Panasas is a data storage company that creates network-attached storage for technical computing environments.

History 
Panasas is a computer data storage product company and is headquartered in San Jose, California. Panasas received seed funding from Mohr Davidow Ventures (MDV) and others. The first Panasas products were shipped in 2004, the same year that Victor M. Perez became CEO. Faye Pairman became CEO in 2011. Tom Shea, formerly Panasas COO, was appointed as CEO in 2020.

Technology 
Panasas developed an extension for managing parallel file access in the Network File System, which was later integrated in Parallel NFS (pNFS), part of the NFS version 4.1 specification, published by the Internet Engineering Task Force as RFC 5661 in January 2010. pNFS described a way for the NFS protocol to process file requests to multiple servers or storage devices at once, instead of handling the requests serially.

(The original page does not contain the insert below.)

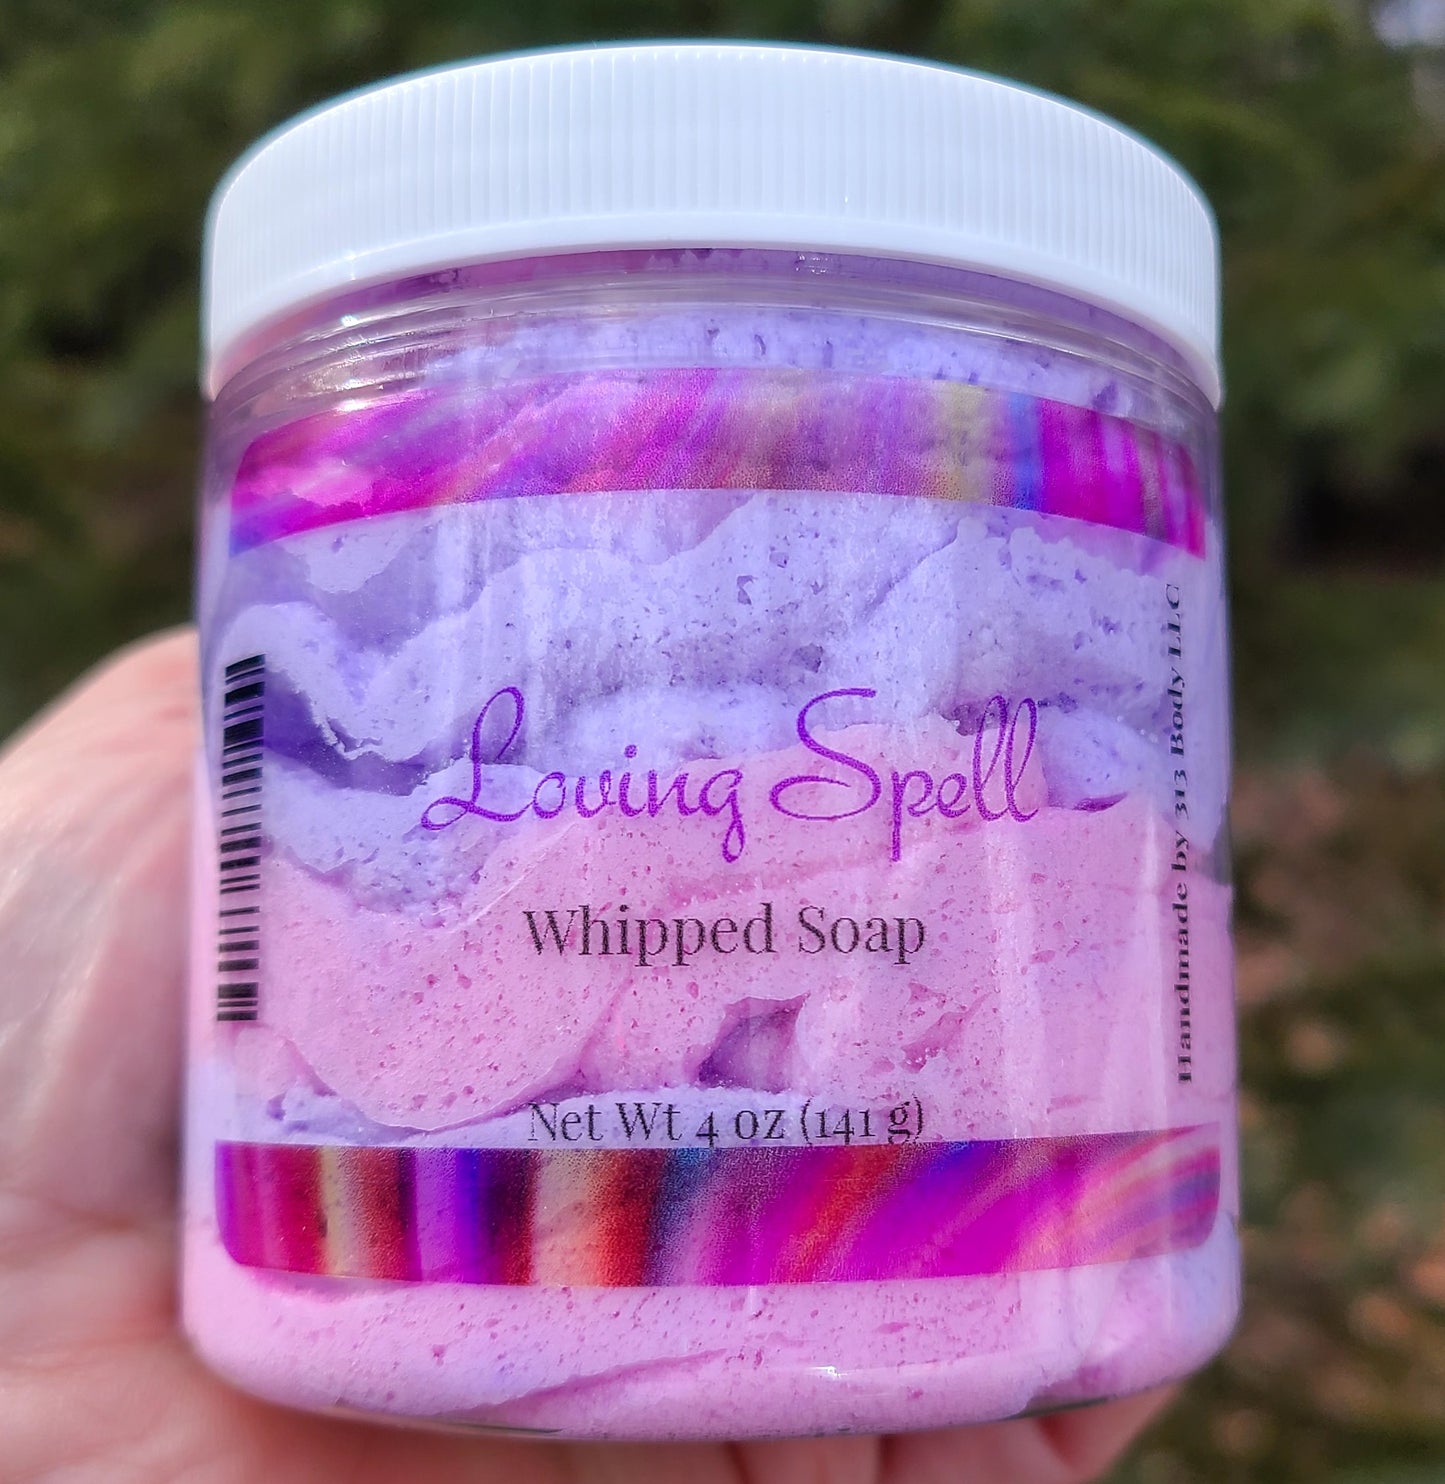 Loving Spell Whipped Soap

Panasas supports DirectFlow, NFS, Parallel NFS and Server Message Block (also known as CIFS) data access protocols to integrate into existing local area networks. Panasas blade servers manage metadata, serving data for DirectFlow, NFS and CIFS clients using 10 Gigabit Ethernet. Panasas systems provide data storage and management for high-performance applications in the biosciences, energy, media and entertainment, manufacturing, government and research sectors.

ActiveStor 
The ActiveStor product line is a parallel file system appliance that integrates hybrid storage hardware (hard drives and solid state drives), the PanFS parallel file system, its proprietary DirectFlow data access protocol, and the industry standard NFS and CIFS network protocols.

ActiveStor Ultra 
ActiveStor Ultra (introduced in November 2018) is the newest generation of the Panasas ActiveStor storage system and features a re-engineered, portable file system that delivers performance and reliability on suitably qualified, industry standard storage hardware platforms.

ActiveStor 20 (now ActiveStor Classic) was announced in August 2016 with increased capacity, using larger and faster disks. In November 2017, Panasas released the ActiveStor Director 100 and the ActiveStor Hybrid 100 (now ActiveStor Prime), which disaggregated the Director Blade, the controller node of Panasas storage system, from the storage nodes. In November 2018, Panasas introduced ActiveStor Ultra, which featured a completely re-engineered portable file system (PanFS® 8) running on industry standard hardware.

DirectFlow 
DirectFlow is a parallel data access protocol designed by Panasas for ActiveStor. DirectFlow avoids protocol I/O bottlenecks by accessing Panasas storage directly and in parallel. DirectFlow was originally supported on Linux, and expanded in April 2016 to support Apple's MacOS.

PanFS 
Panasas created the PanFS clustered file system as single pool of storage under a global filename space to support multiple applications and workflows in a single storage system. PanFS supports DirectFlow (pNFS), NFS and CIFS data access protocols simultaneously. PanFS 7.0 added a FreeBSD operating foundation and a GUI that supports asynchronous push notification of system changes without user interaction.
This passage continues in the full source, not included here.